Mapping and Assembly with Qualities (Maq)

Abstract Maq is a software product that builds ‘mapping assemblies’ from short reads generated by next-generation sequencing machines.

It is particularly designed for Illumina-Solexa™ 1G ‘Genetic Analyzer’, and has preliminary functions to handle Applied Biosystems (ABI) SOLiD™ System data.

Maq first aligns reads to ‘reference sequences’ and then calls the consensus. At the mapping stage, Maq performs ‘ungapped’ alignment.

For single-end reads, Maq is able to find all hits with up to 2 or 3 mismatches, depending on a command-line option; for ‘paired-end’ reads, it always finds all ‘paired hits’ with one of the two reads containing up to 1 mismatch.

At the assembling stage, Maq calls the consensus based on a statistical model.

It calls the base which maximizes the posterior probability and calculates a Phred quality (see below...) at each position along the consensus. Heterozygotes are also called in this process.

Phred - Phred is a base-calling program for DNA sequence traces. Phred reads DNA sequence chromatogram files and analyzes the peaks to call bases, assigning quality scores (“Phred scores”) to each base call.

With Maq you can:

1) Fast align Illumina/SOLiD reads to the reference genome. With the default options, ‘one million pairs’ of reads can be mapped to the human genome, in about 10 CPU hours with less than 1G memory.

2) Accurately measure the ‘error probability’ of the alignment of each individual read.

3) Call the ‘consensus genotypes’, including homozygous and heterozygous polymorphisms, with a Phred probabilistic quality assigned to each base.

4) Find ‘short Indels’ (an Indel is either an insertion or deletion mutation in the genetic code) with paired end reads.

5) Accurately find large scale ‘genomic deletions’ and translocations with paired end reads.

6) Discover potential ‘Copy Number Variations’ (CNVs) by checking read depth.

7) Evaluate the accuracy of ‘raw base qualities’ from sequencers and help check for systematic errors.

However, Maq can NOT:

1) Do de novo assembly. (Maq can only call the consensus by mapping reads to a known reference.)

2) Map ‘shorts reads’ against themselves. (Maq can only find complete overlap between reads.)

3) Align capillary reads or 454 reads to the reference. (Maq can Not align reads longer than 63bp.)

M.A.Q. Viewer --

Maqview is ‘graphical read alignment’ viewer.

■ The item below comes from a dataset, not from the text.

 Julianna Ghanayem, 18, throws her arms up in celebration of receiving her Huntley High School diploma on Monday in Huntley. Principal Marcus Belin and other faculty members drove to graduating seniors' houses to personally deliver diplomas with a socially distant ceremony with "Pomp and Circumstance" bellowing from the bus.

It is specifically designed for the Maq alignment file and allows you to see the mismatches, base qualities and mapping qualities.

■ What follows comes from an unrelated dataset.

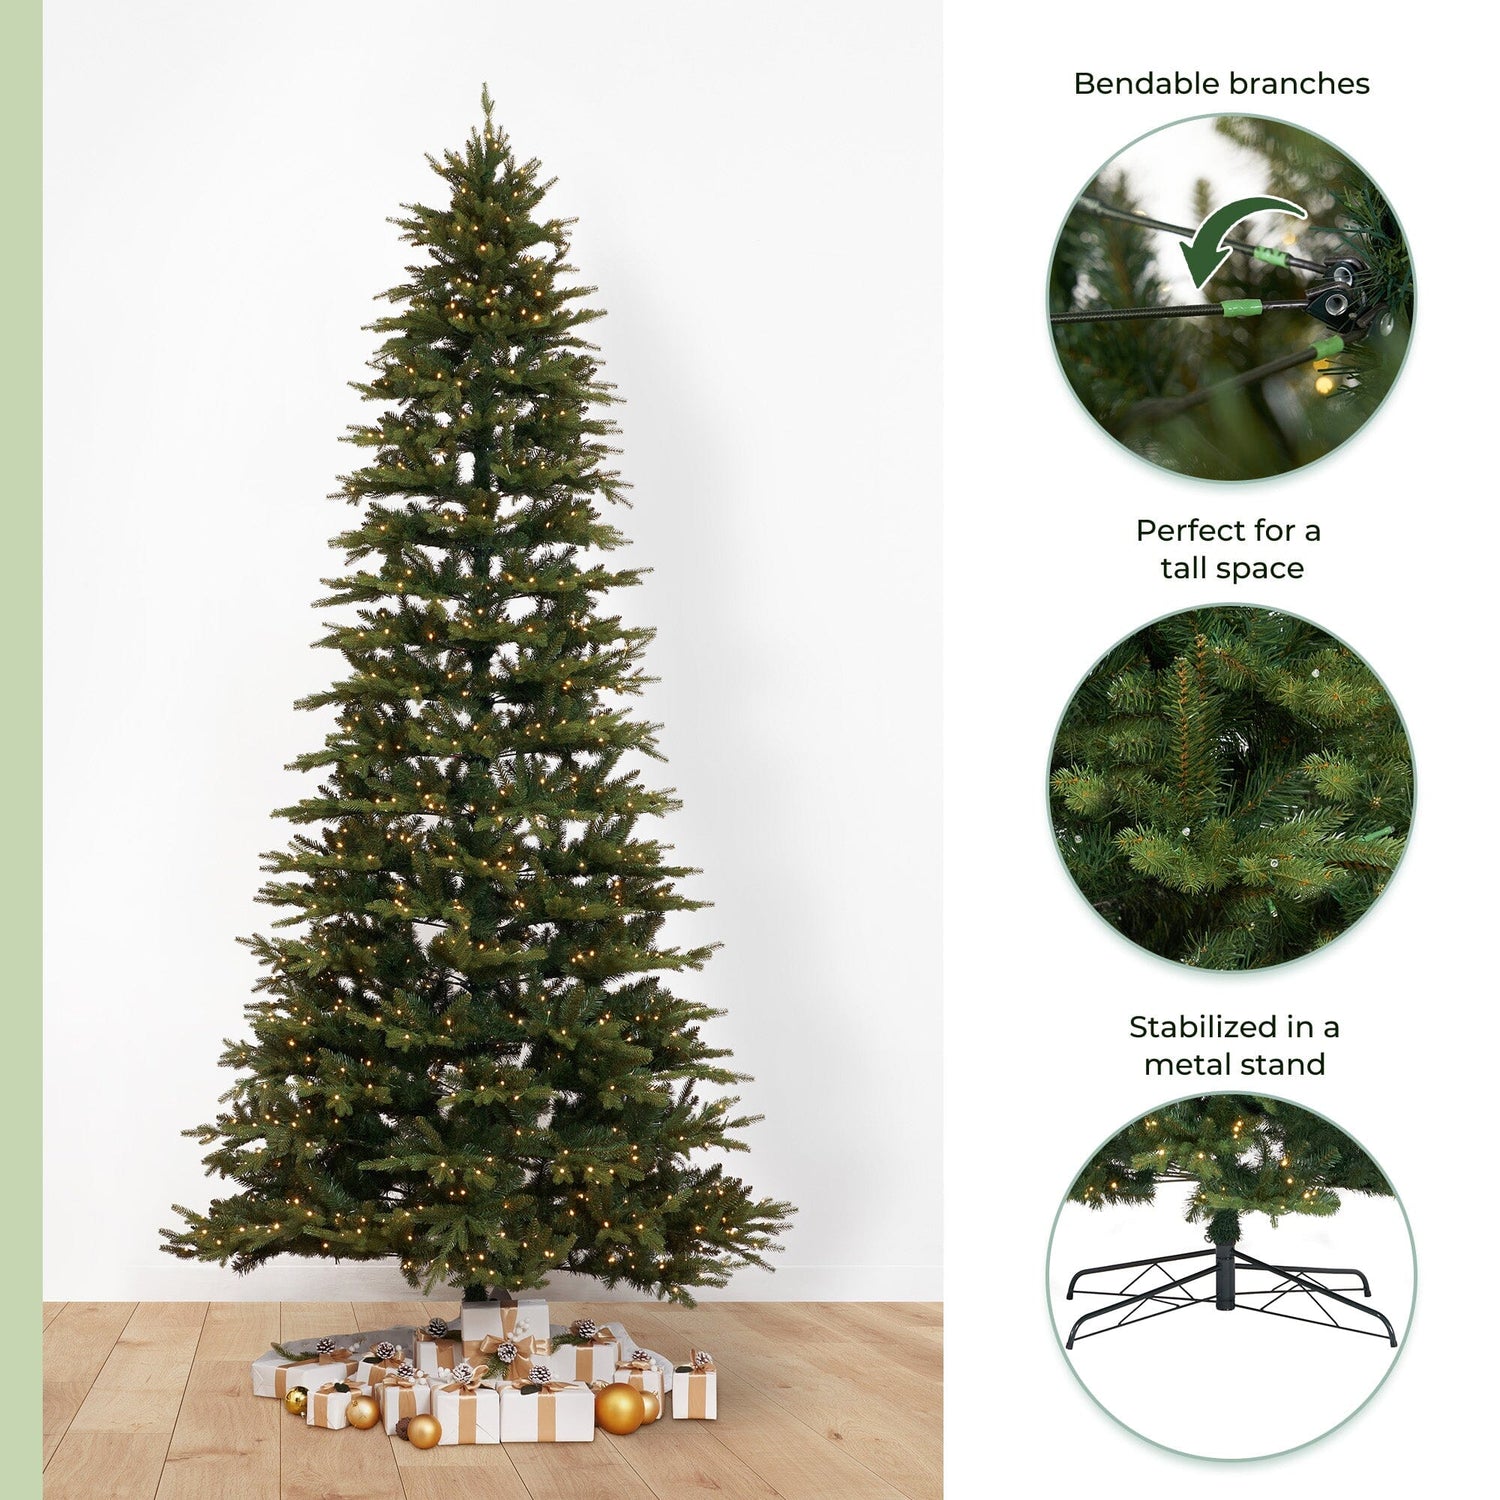 11’ Belgium Fir “Natural Look” Artificial Christmas Tree with 1250 Clear LED Lights and 4222 Bendable Branches

Maqview is Not as fancy as Consed (Consed is a program for viewing, editing, and finishing DNA sequence assemblies) or GAP, but just a simple viewer for you to see what happens in a particular region.

According to the manufacturer, Maqview in comparison to tgap-Maq, the text-based read alignment viewer written by James Bonfield, Maqview is faster and takes up much less memory and disk space in indexing.

This may be possible because ‘tgap-Maq’ aims to be a general-purpose viewer but Maqview makes full use of the fact that the Maq alignment file has already been sorted.

Maqview is also efficient in viewing and provides a ‘command-line tool’ to quickly retrieve any region in a Maq alignment file.

Maqview is based on OpenGL. According to the manufacturer, installing OpenGL on your system is a trade-off of getting a better look and feel.

Maqview displays the read alignment in a graphical window. It has two (2) views: ‘Sequence view’ and ‘Box view’.

In the Sequence view, read sequences will be printed on the screen. Darker bases indicate lower base qualities and red ones show the differences in comparison to the ‘majority-rule consensus’ (Not the Maq consensus).

In the Box view, different types of nucleotides are represented as color boxes with green for ‘A’, cyan for ‘C’, orange for ‘G’, red for ‘T’ and dark gray for ‘N’.

The saturation of colors indicates the ‘base qualities’ and the thickness lines of reads shows the mapping qualities of ‘read alignments’. Zooming in/out is supported only in the Box view.

In both views, the ‘status bar’ at the bottom of the window will show some information about the key touches, and read names and base qualities that can be pointed at by the mouse.

Maq documentation --

Maq is documented in three (3) parts: Maq User's Manual, Maq Reference Manual and the FAQ page.

The User's Manual introduces basic functions in Maq, the Reference Manual gives detailed usage of each function and the Wiki site (FAQ page) presents informal but useful tips and notes related to Maq.

These documentations are complementary to each other.